Sunday, September 15, 2013

I Got This



It's amazing to me how you can be having a day, a moment, a minute, where you're world is happily right side up, where you recognize the very substance and purpose of why you are where you are. You won't forget this. They won't forget this. Near perfect. Precious things.

Then something happens--you can fill in the blanks from your own stuff right here--and you're jarred, right where you stand, grasping for something to hold on to. You can't look, but you know it's there--life continuing, right beside you. The sun, still shining, the sky, never more blue, everyone lightly walking, laughing, the music doesn't skip a beat...you know this. You can't understand how this can be when you can't even move, you are so stunned, blind-sided, brokenhearted, dulled and numbed. How dare you let your guard down.

I've been through this many times and it just never gets easier. I am counting on the place where I exhale, where experience comes in to play. We are resilient creatures.  We lift our heavy bodies, and push forward ever-searching for the other side. We calculate, make lists, flip pages, pray and ready ourselves for a battle of truth and clarity and balance and peace.

It will come.

Sunday, September 8, 2013

What I'm Writing About Today

Today I am blog challenged to write about my 10 Pet Hates, which I assume is the same thing as Pet Peeves, cuz who could name 10 pets they hate?  You gots the bad juju if you can, and you should work on that. I don't really want to focus on 10 things I hate, cuz it's Sunday, it's raining, it smells like breakfast and it feels like harmony in my house, so I'm gonna focus on 10 things I like...a lot. (p.s. this is an incredibly small list.)

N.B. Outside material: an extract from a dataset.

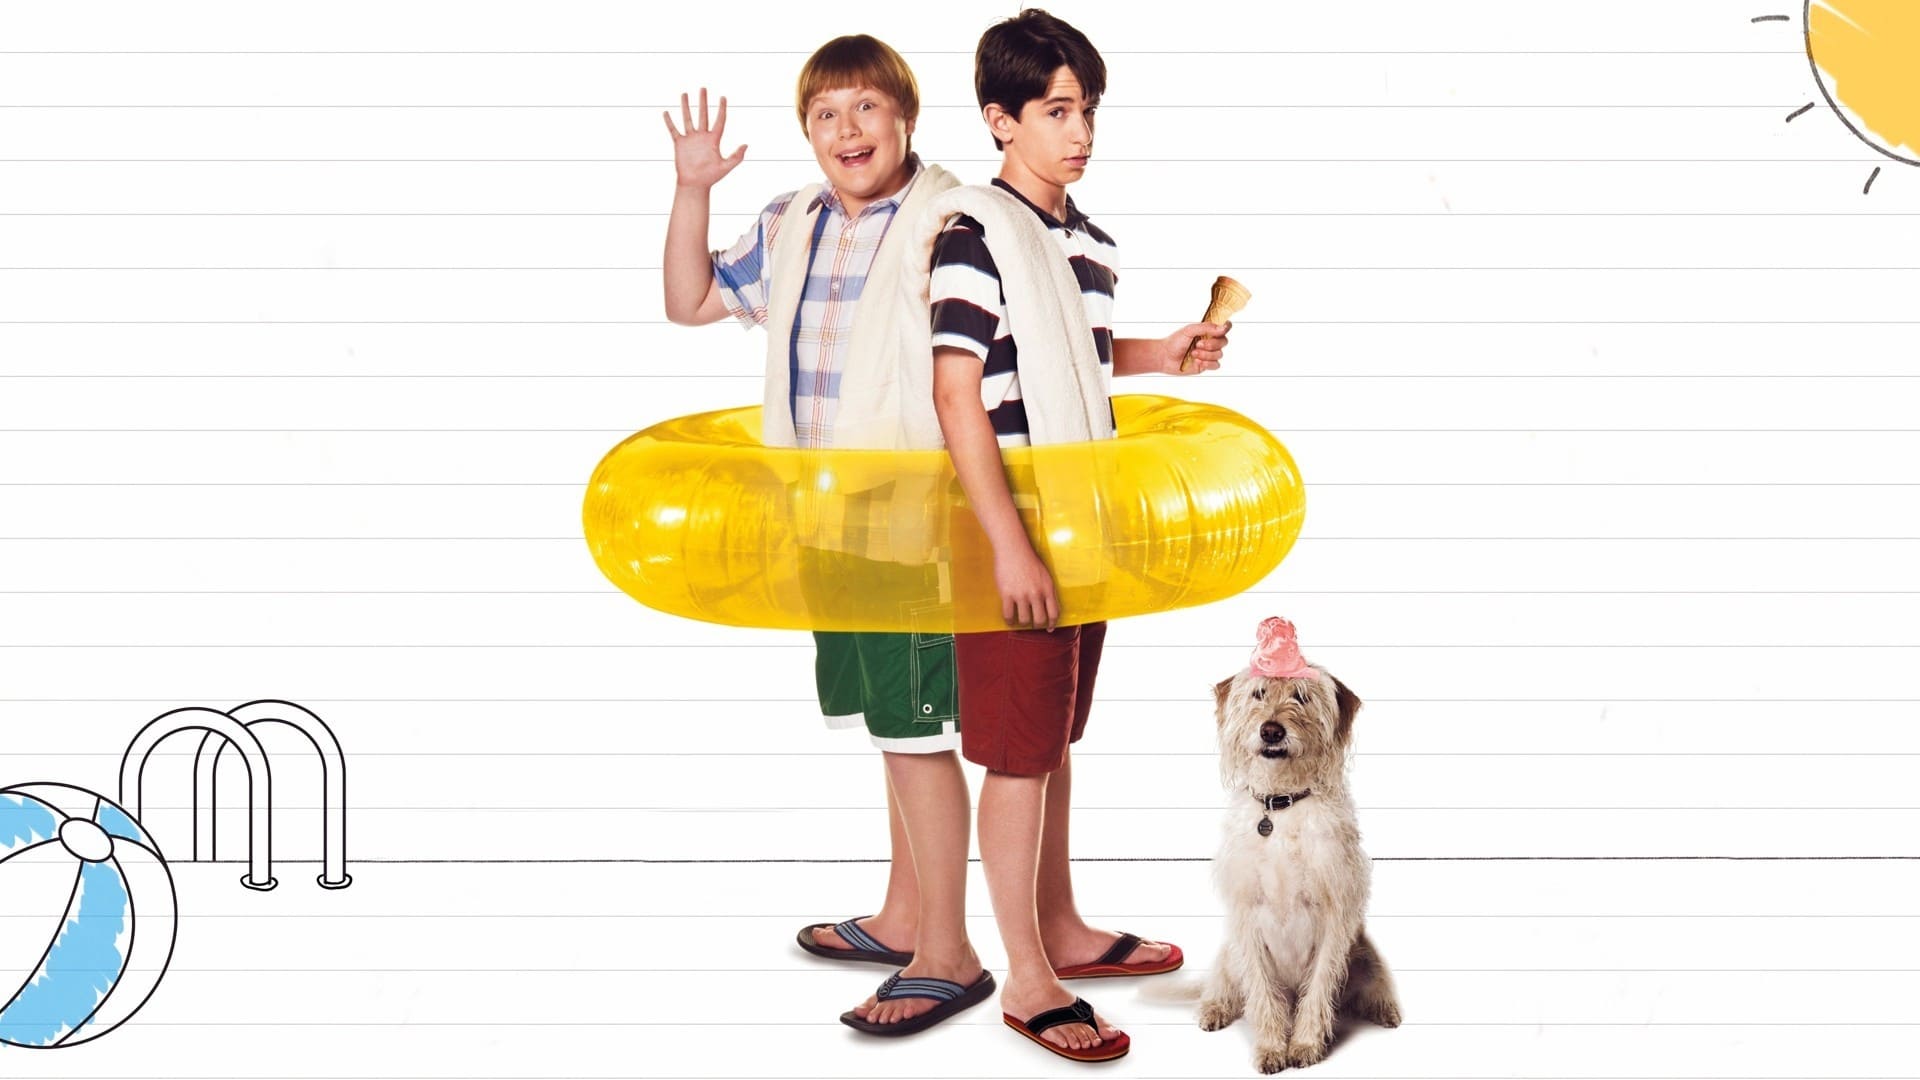 Poster Phim Nhật Ký Cậu Bé Nhút Nhát: Những Ngày Hè Oi Bức (Diary of a Wimpy Kid: Dog Days)

Let's start here.  We use every single bit of our home.  This little cozy nook is sharing space in my laundry room.  I don't think this old bread table has ever been so happy.


My back yard. Totally, one of the best spots of my life.


I love when my kids are kids.


A dear friend of mine GAVE this dollhouse to me.  It's been a dream of mine since I was probably eight-years-old.  Thank you, Mrs. Joanne Weaver for that one. She had the most beautiful dollhouse I've ever seen. It was huge and took up half a ping pong table.  I would spend hours looking at and taking in the tiny rugs in their tiny wallpapered rooms, tiny chandeliers and lights throughout, that actually worked, tiny plates, goblets and silverware, tiny baby cradles...oh, it was so special.   I'm 40 and it still gives me the warm fuzzies remembering. I am in no hurry to finish up this one. It's something I can go to, to "get-a-way", make my own, share with my kids, and eventually pass down.  I hope it gives my children the warm fuzzies when they are 40.


Our dogs. Seriously two of my best friends.


Our kids. 4 plus 2. I don't think I've been more proud of anything in my life as I am of these ones.


May they always crave childhood.


I love my job.  You have no idea how fortunate I KNOW I am to say this.  This is what we did on Friday with all of my grandmas and grandpas.  CycleCars.  Really.  This is what I GET to do.


This guy.  Life is so full of surprises.


I could live in FALL forever.

For my Instagram Challenge I'm supposed to post something funny.  I think I've Instagramed the ever-livin' out of you today, so I will draw from my Pinterest files for this one.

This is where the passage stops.